You signed in with another tab or window. Reload to refresh your session.You signed out in another tab or window. Reload to refresh your session.You switched accounts on another tab or window. Reload to refresh your session.Dismiss alert
Towards MaterializeInc/database-issues#9191
Today, we have no good way to split the work of compaction into smaller
parts. This presents an issue as datasets and clusters continue to grow
in size. If a compaction takes a significant amount of time there is a
risk that the process running the compaction might not live long enough
(for whatever reason: failure, shutdown, schedule, etc).
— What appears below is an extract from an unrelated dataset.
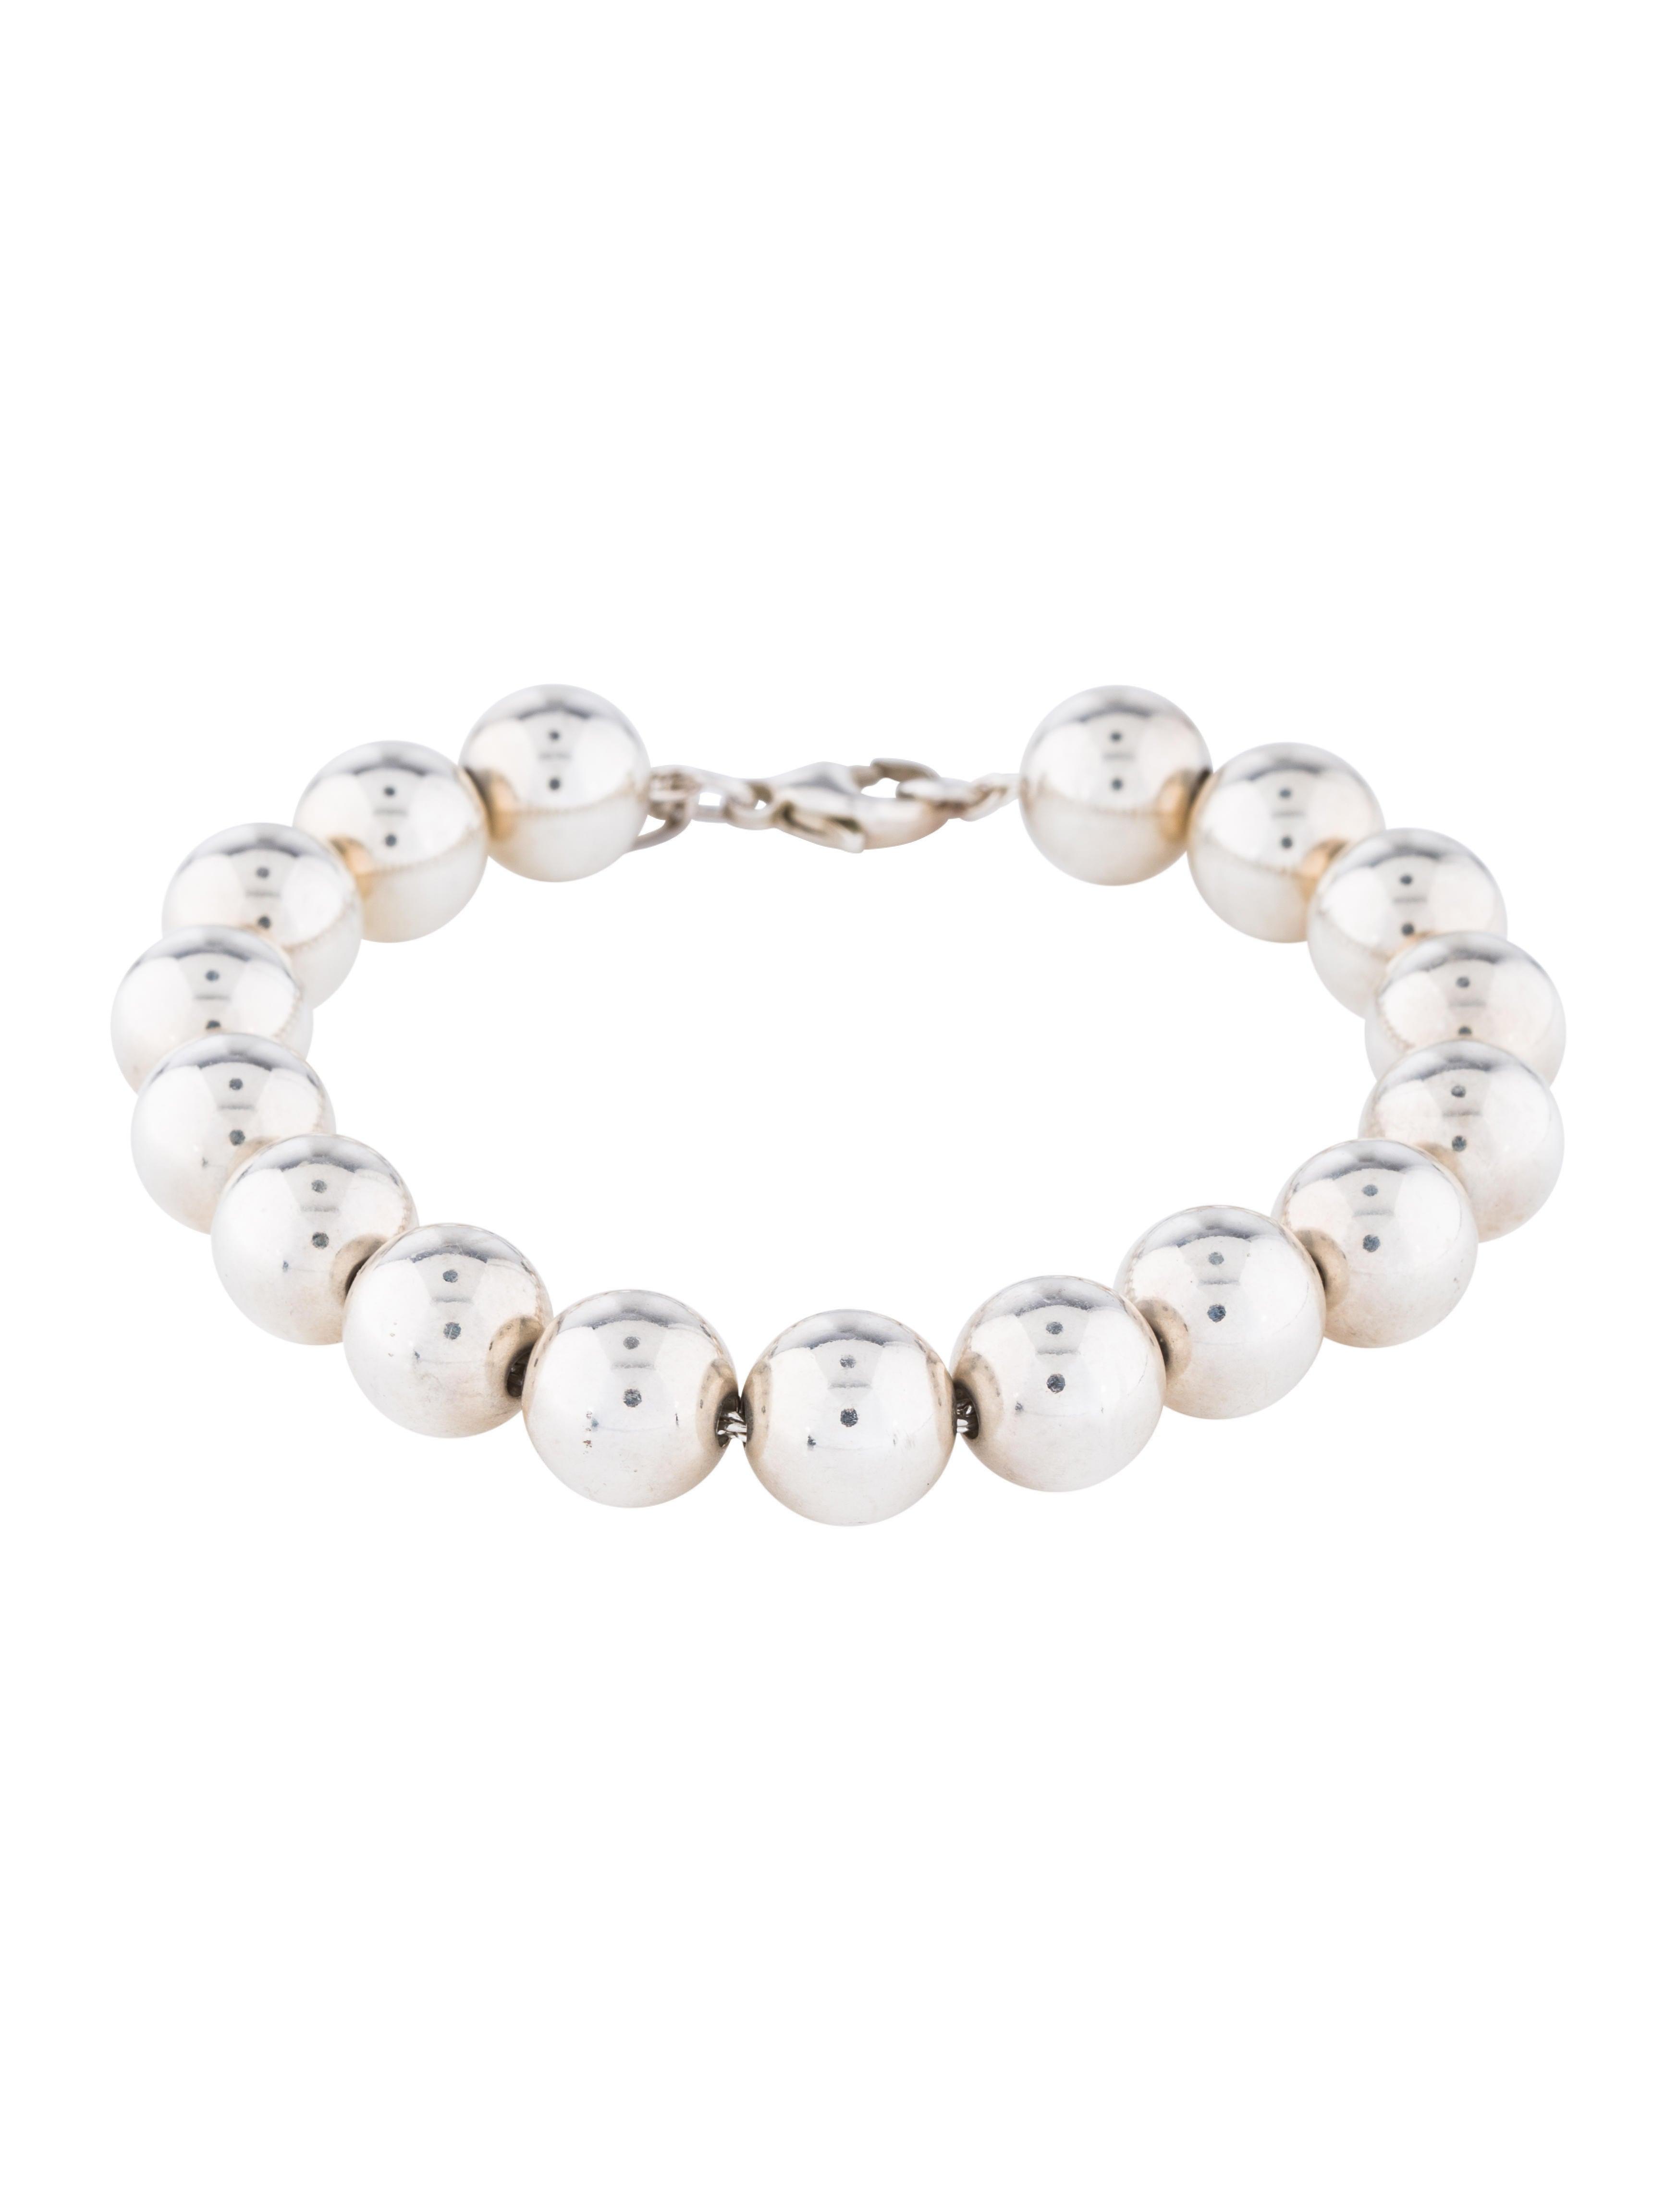 47db7944b Tiffany & Co. HardWear Ball Bracelet - Bracelets - TIF77335 | The ...

This PR aims to improve the situation when dealing with compacting many
shorter runs. We already split the work up into "chunks" based on the
size of the runs but we don't write the work back out into state until
all chunks are complete. This is suboptimal. Imagine a big amount of
compaction is chugging along, 99 of the 100 batches of work are done,
but before the last one can finish the cluster shuts down. All that work
is wasted.
This PR "checkpoints" it's work into state after each chunk is done.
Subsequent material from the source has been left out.